Data:
· · · · ·
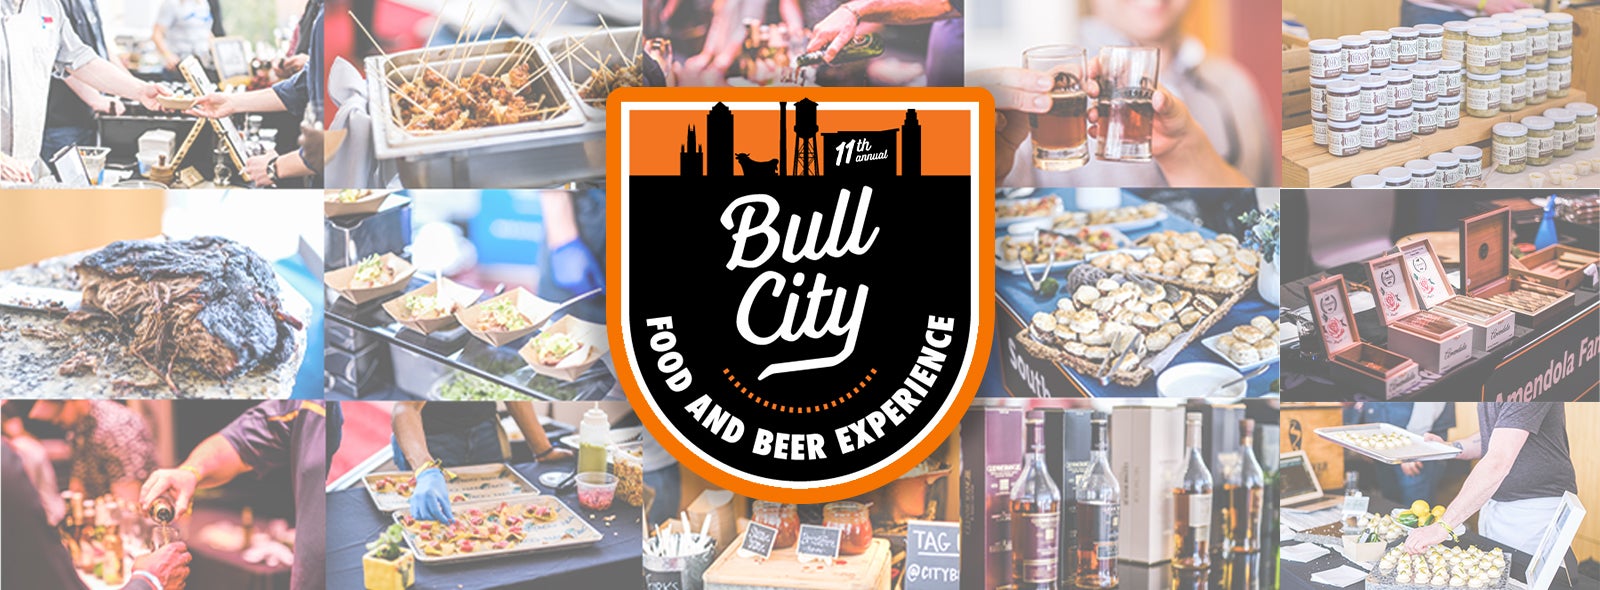 Bull City Food & Beer Experience
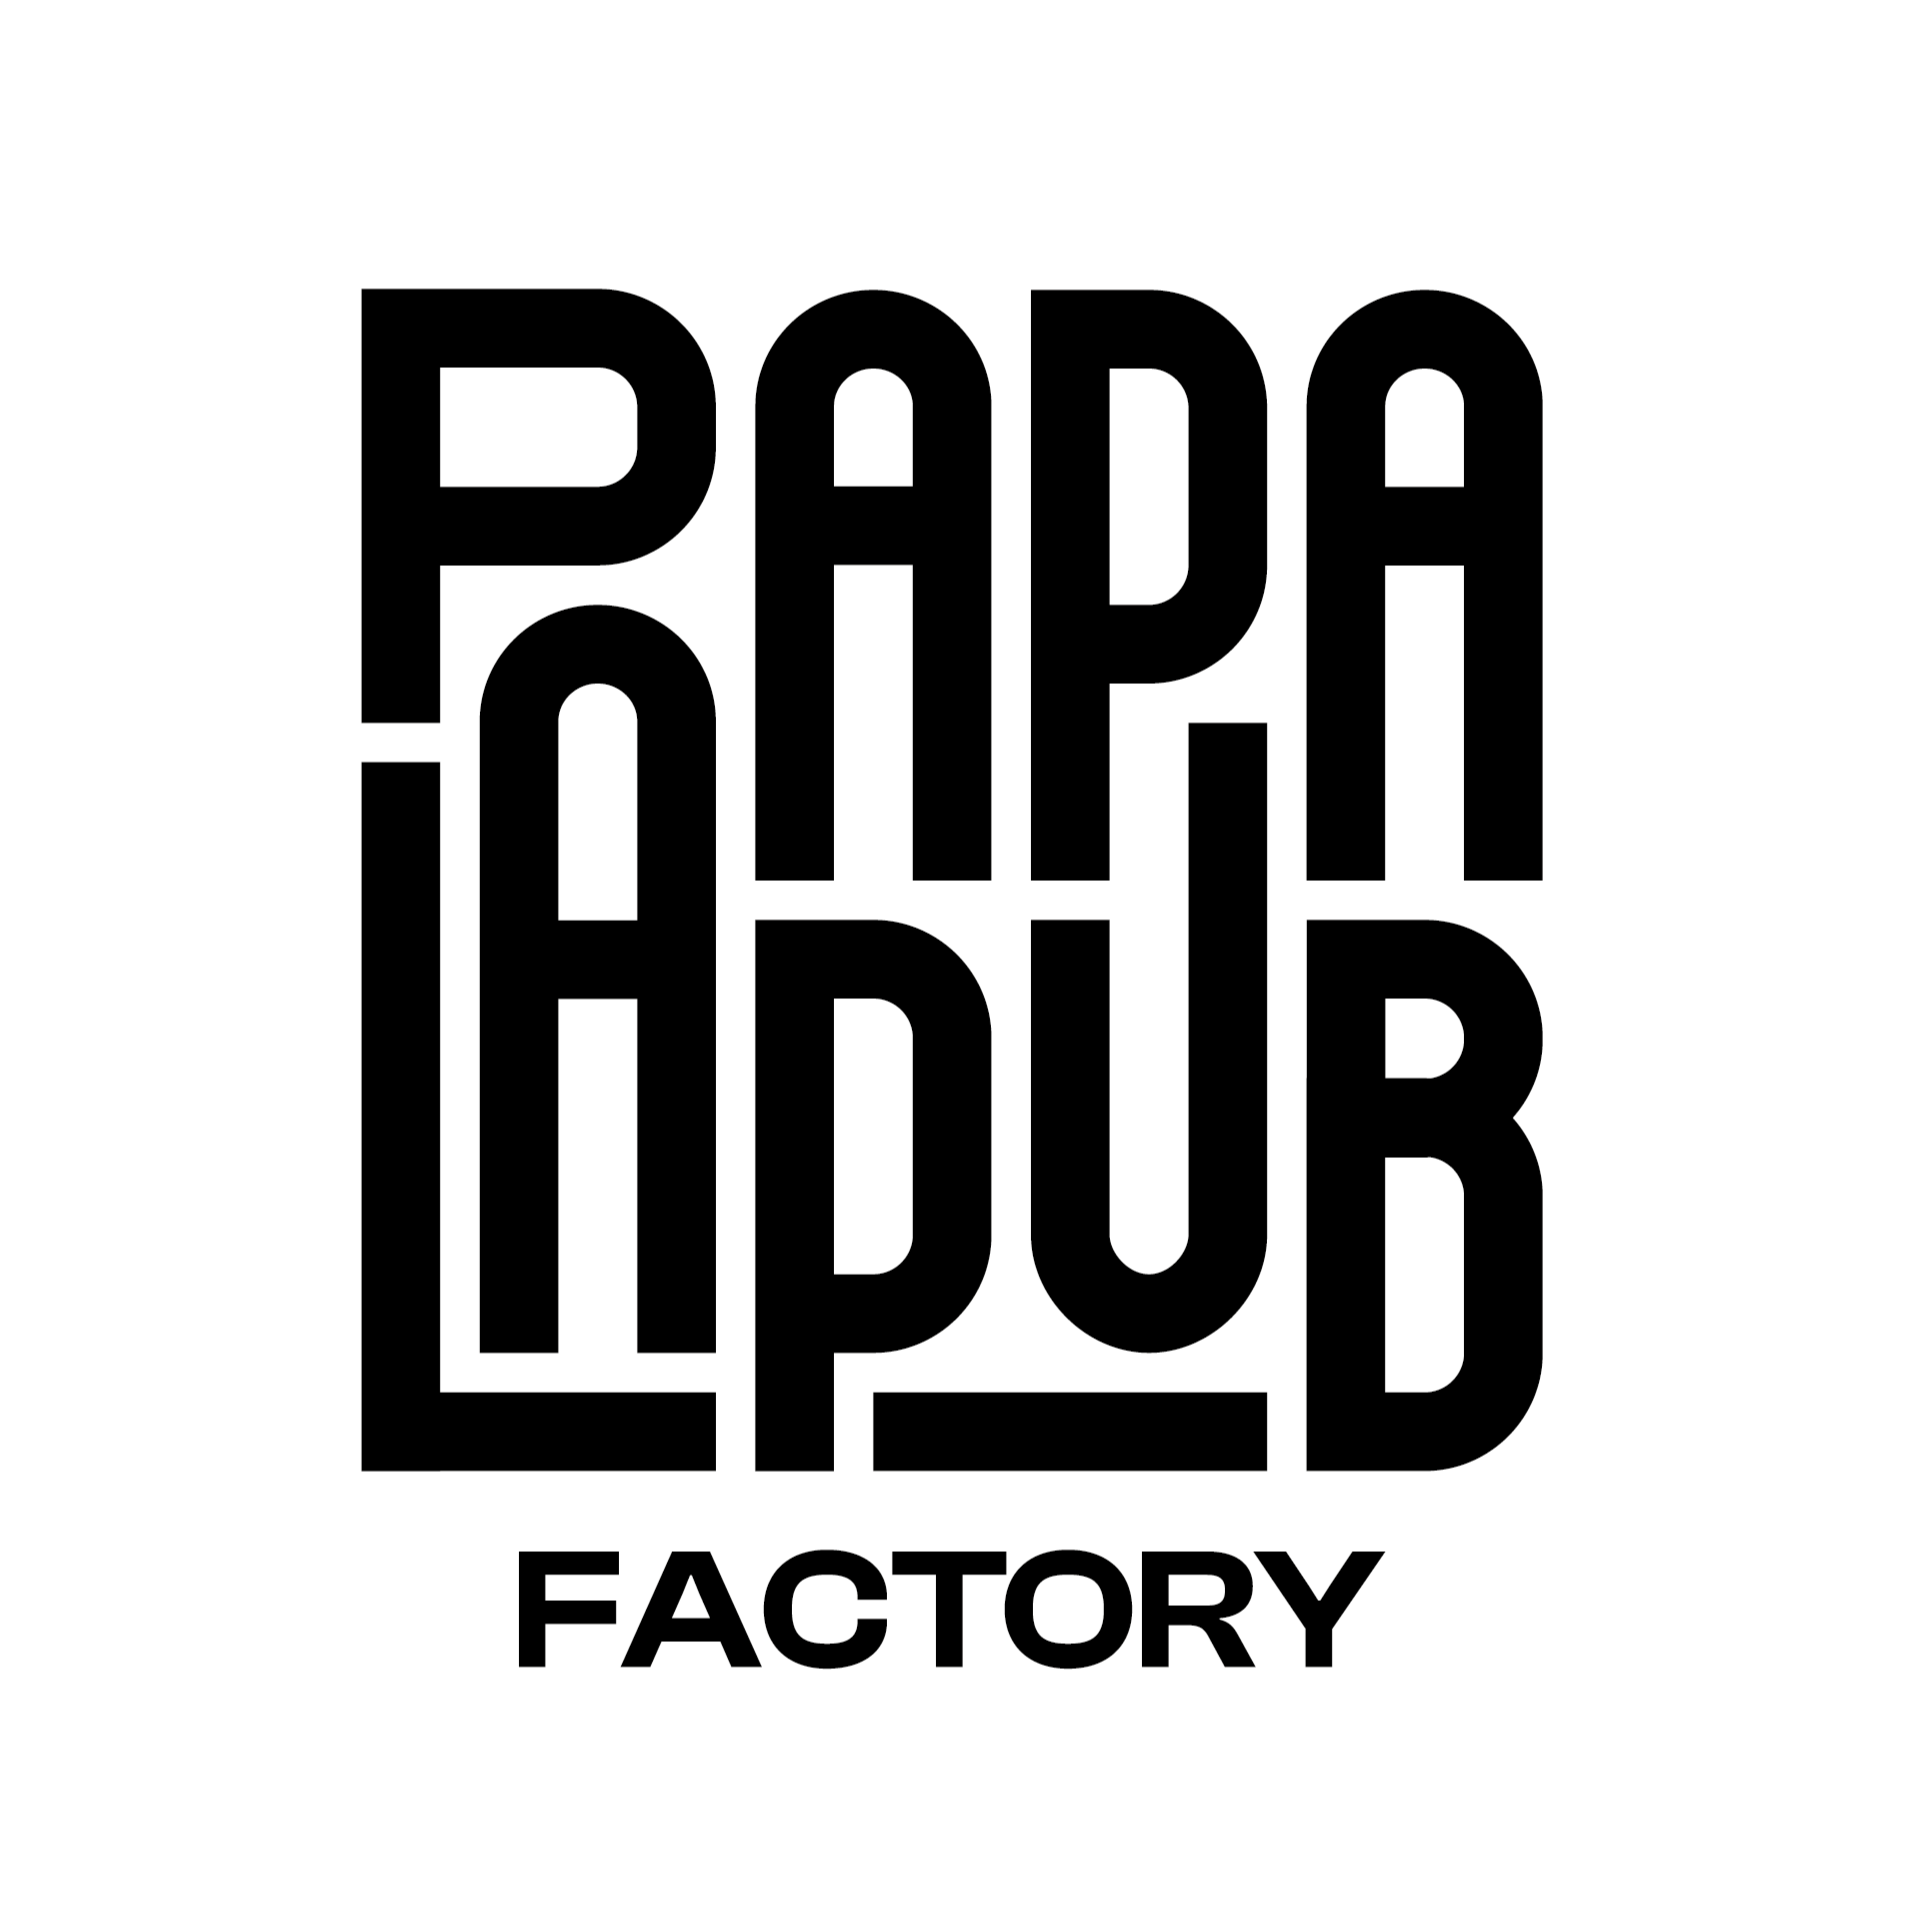 Kundenbild groß 1 PAPALAPUB Factory
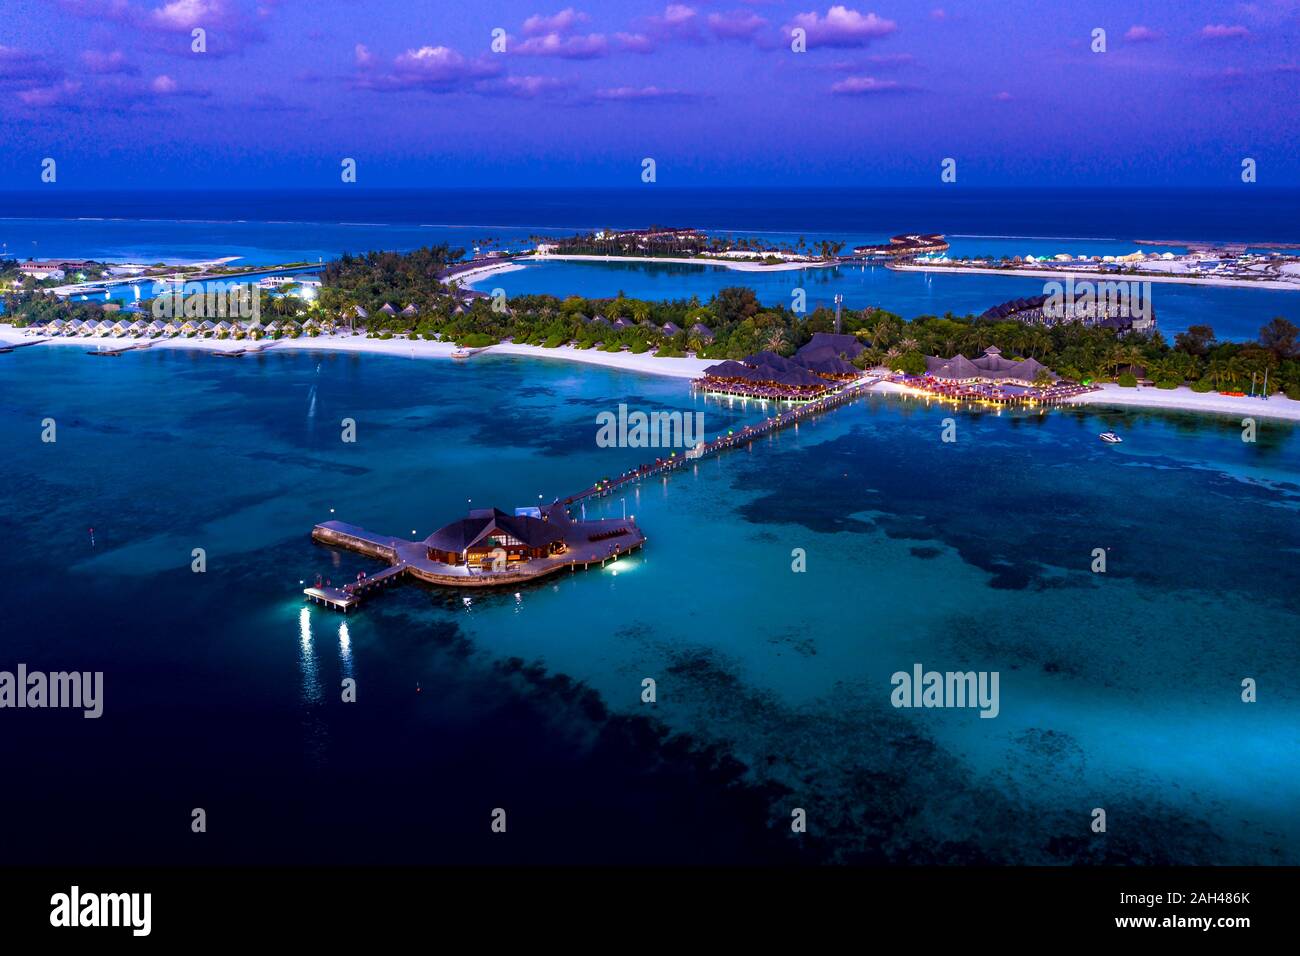 Maldivas, Olhuveli, vista aérea del complejo turístico costero de South Male Atoll al atardecer Foto de stock
· · · · ·
Task details: The whole of the data needs to be copied word for word, though not its pictures.

Written solution:
 Bull City Food & Beer Experience
 Kundenbild groß 1 PAPALAPUB Factory
 Maldivas, Olhuveli, vista aérea del complejo turístico costero de South Male Atoll al atardecer Foto de stock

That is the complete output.